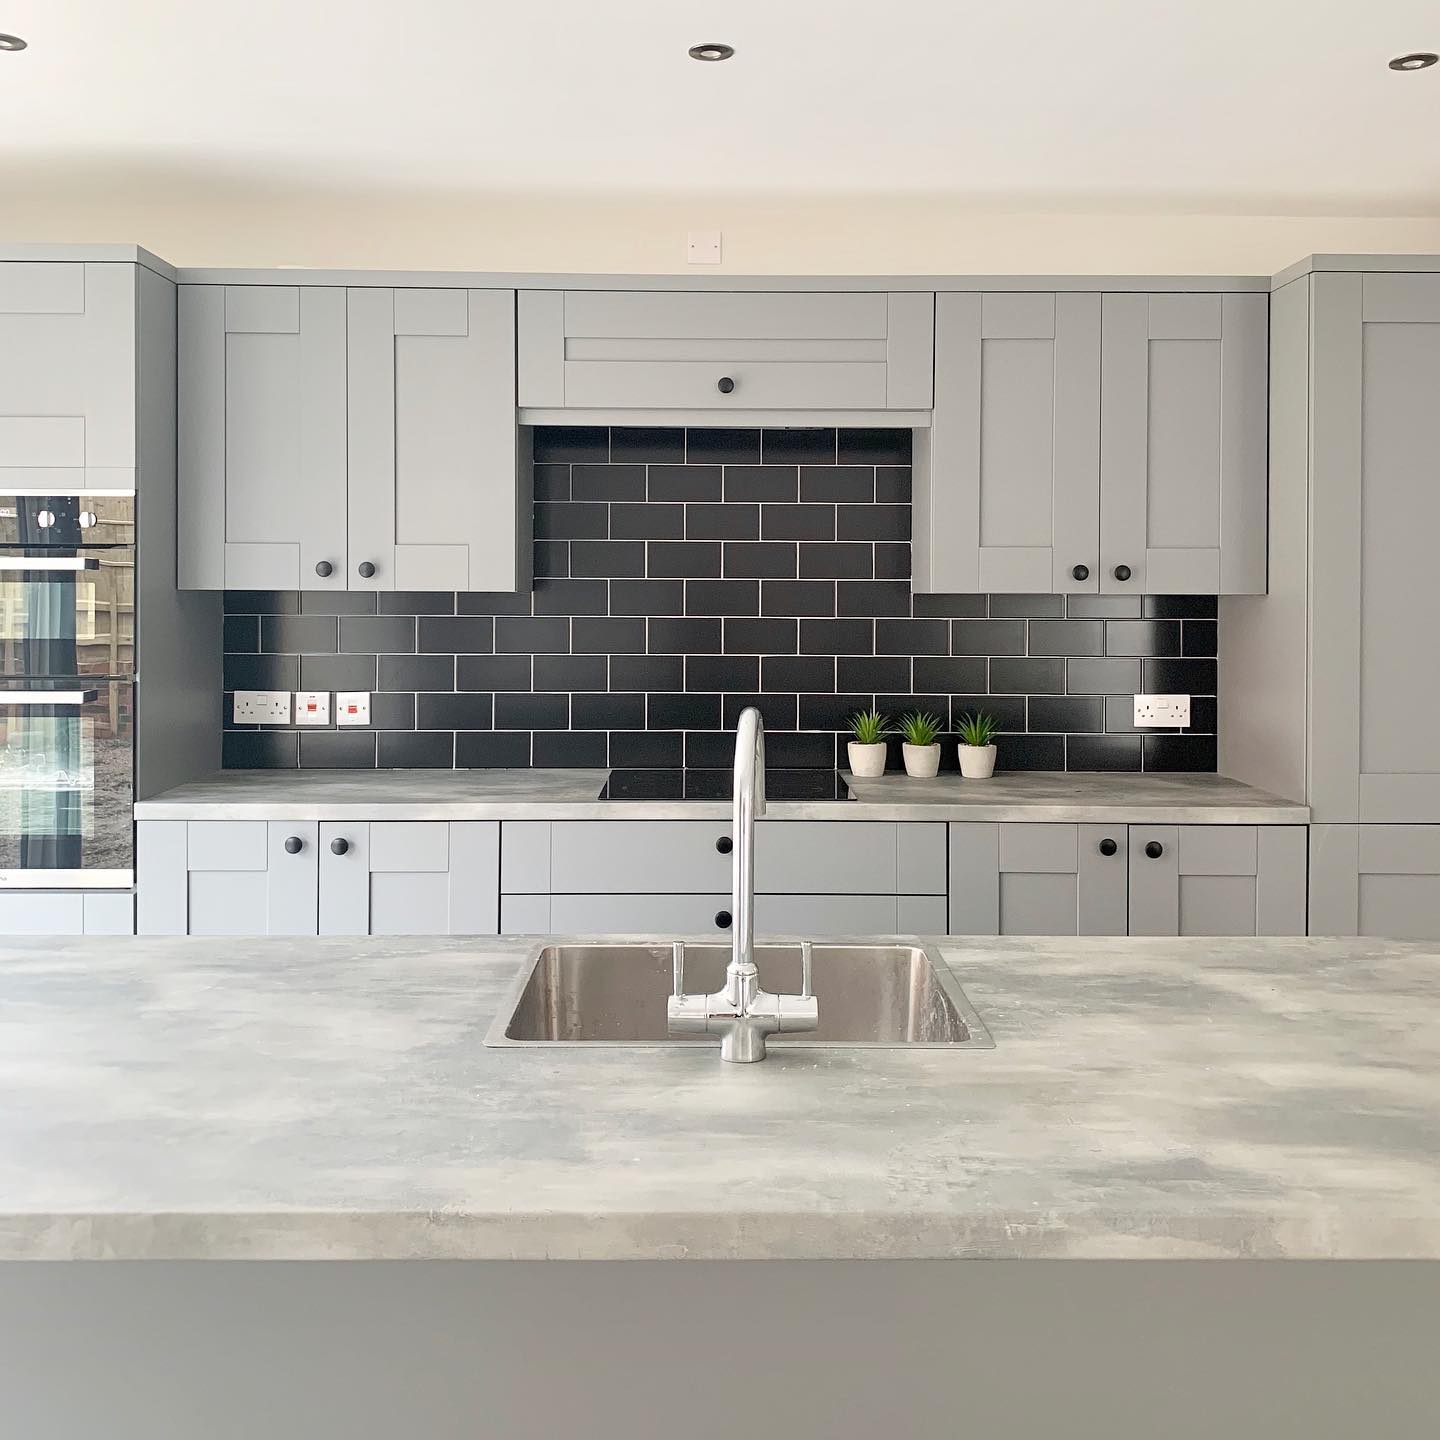 Charworth Homes - grey kitchen with statement tiles in black
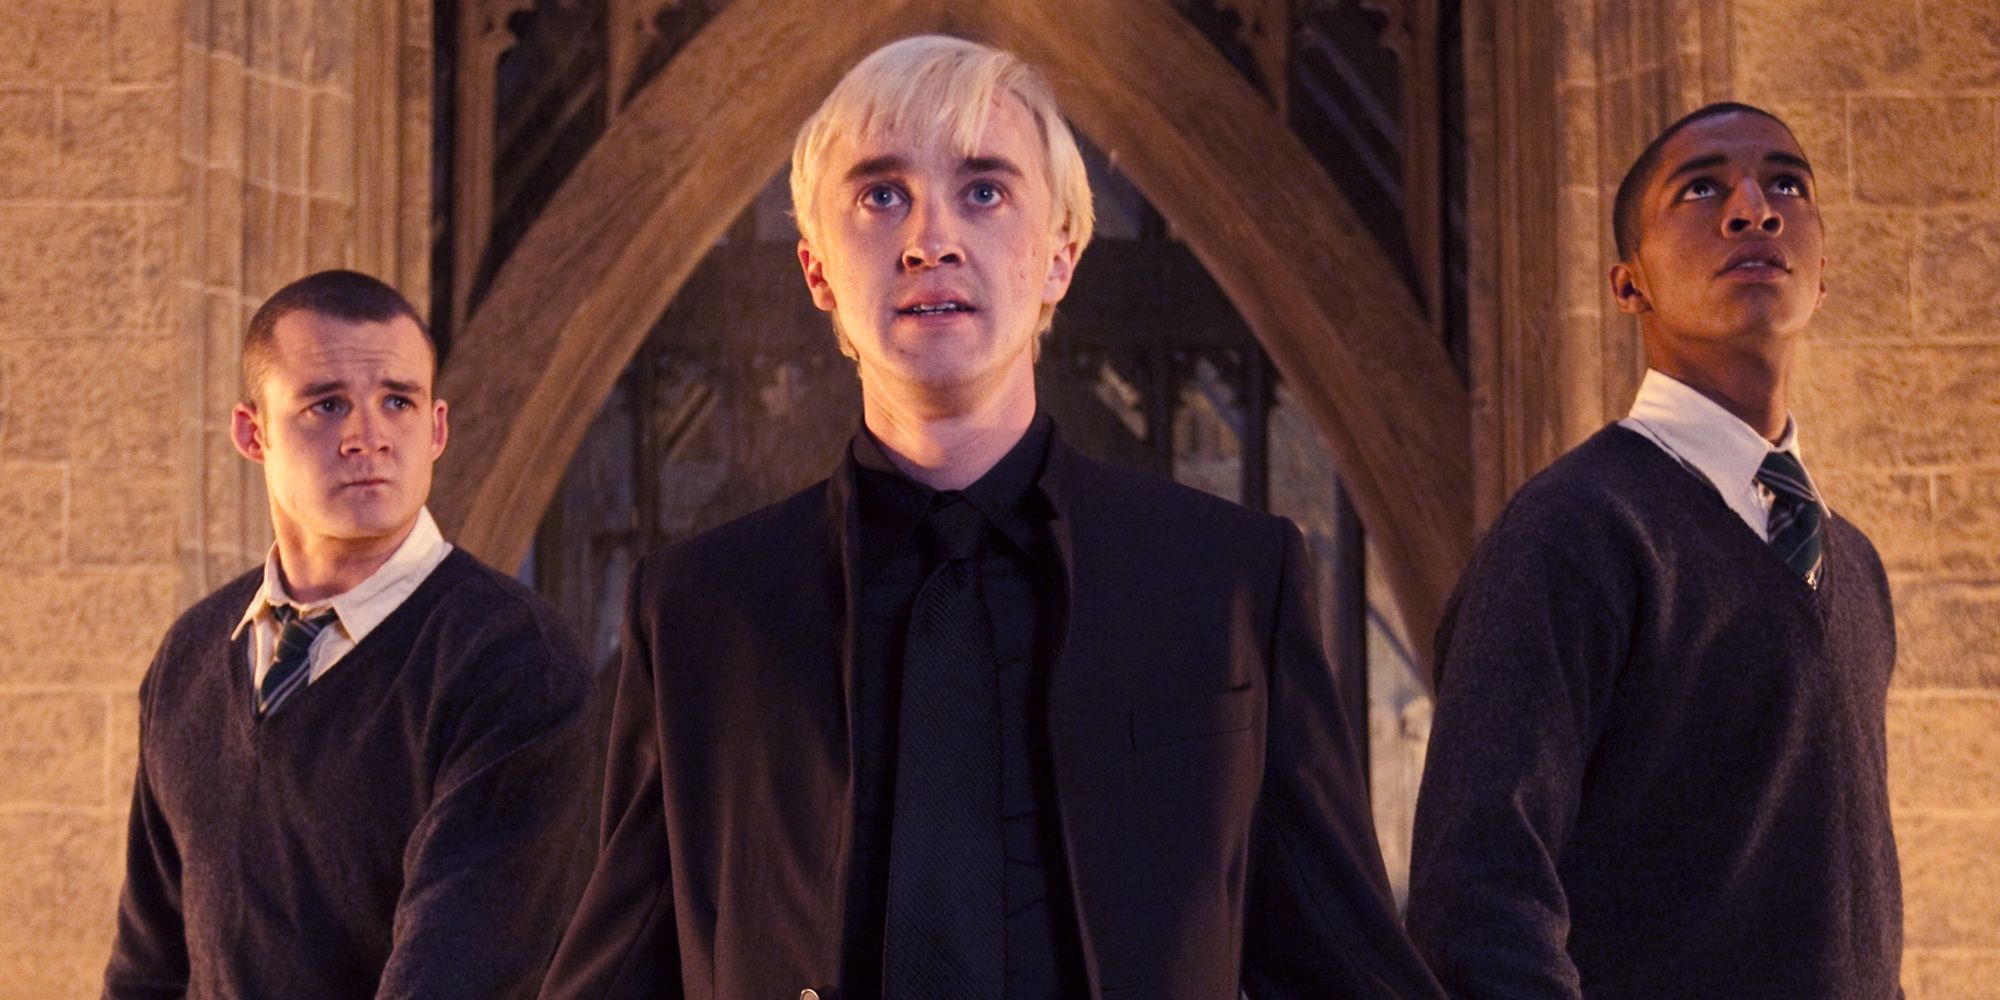 Draco Malfoy stands with Goyle and Blaise in Harry Potter and the Deathly Hallows
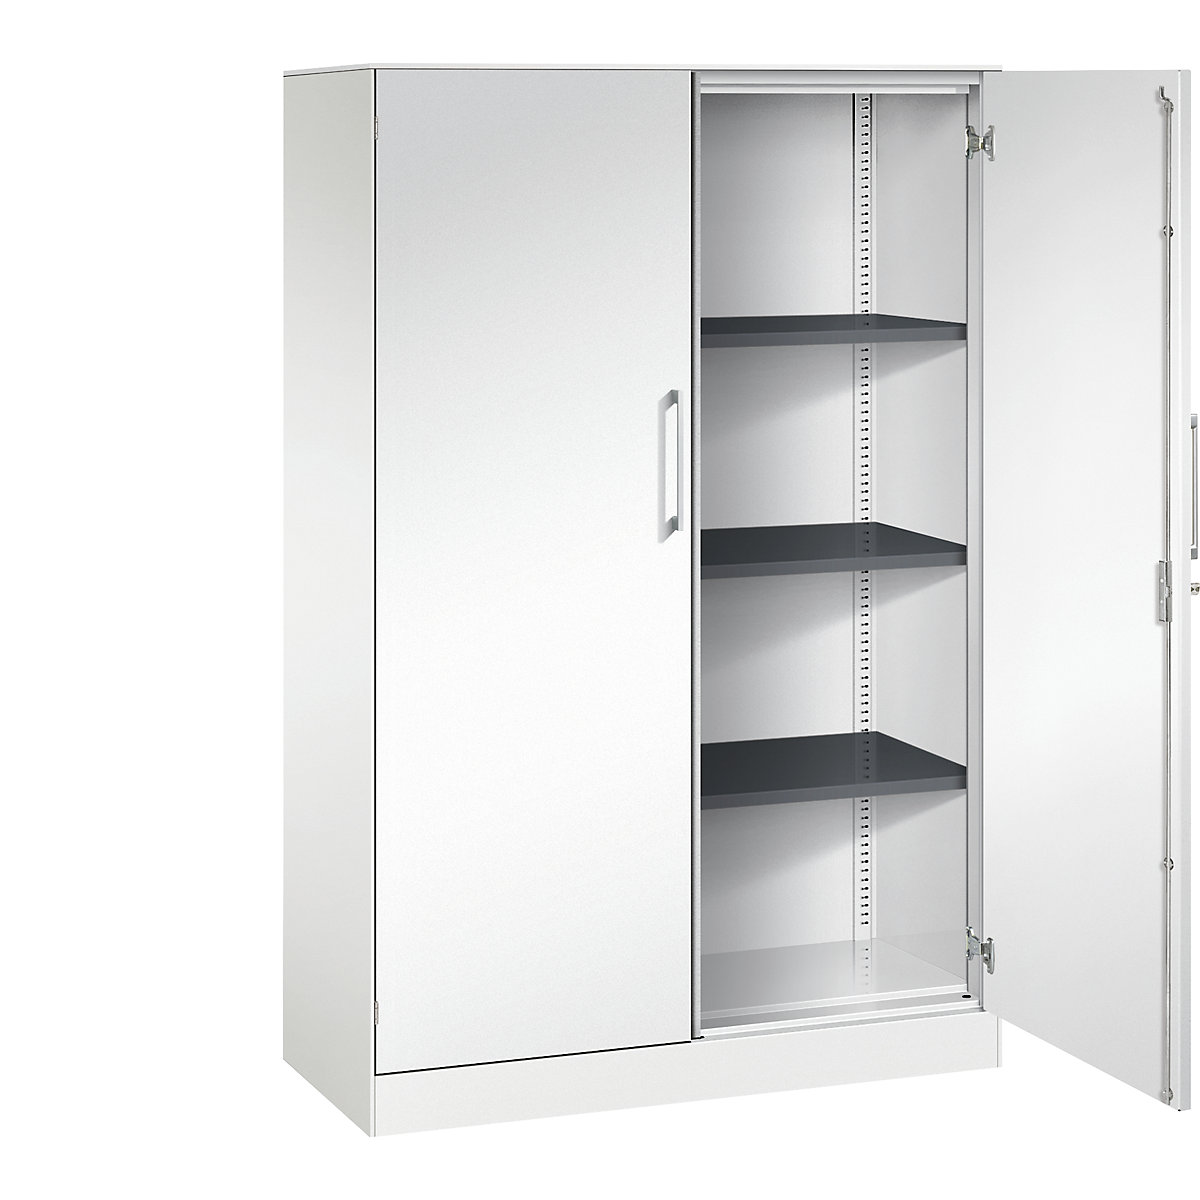 ASISTO double door cupboard, height 1617 mm – C+P, width 1000 mm, 3 shelves, traffic white/traffic white-11

__Task description__. Without any of its images, the data above should be returned exactly.

__Your solution__.
 Charworth Homes - grey kitchen with statement tiles in black
 Draco Malfoy stands with Goyle and Blaise in Harry Potter and the Deathly Hallows
 ASISTO double door cupboard, height 1617 mm – C+P, width 1000 mm, 3 shelves, traffic white/traffic white-11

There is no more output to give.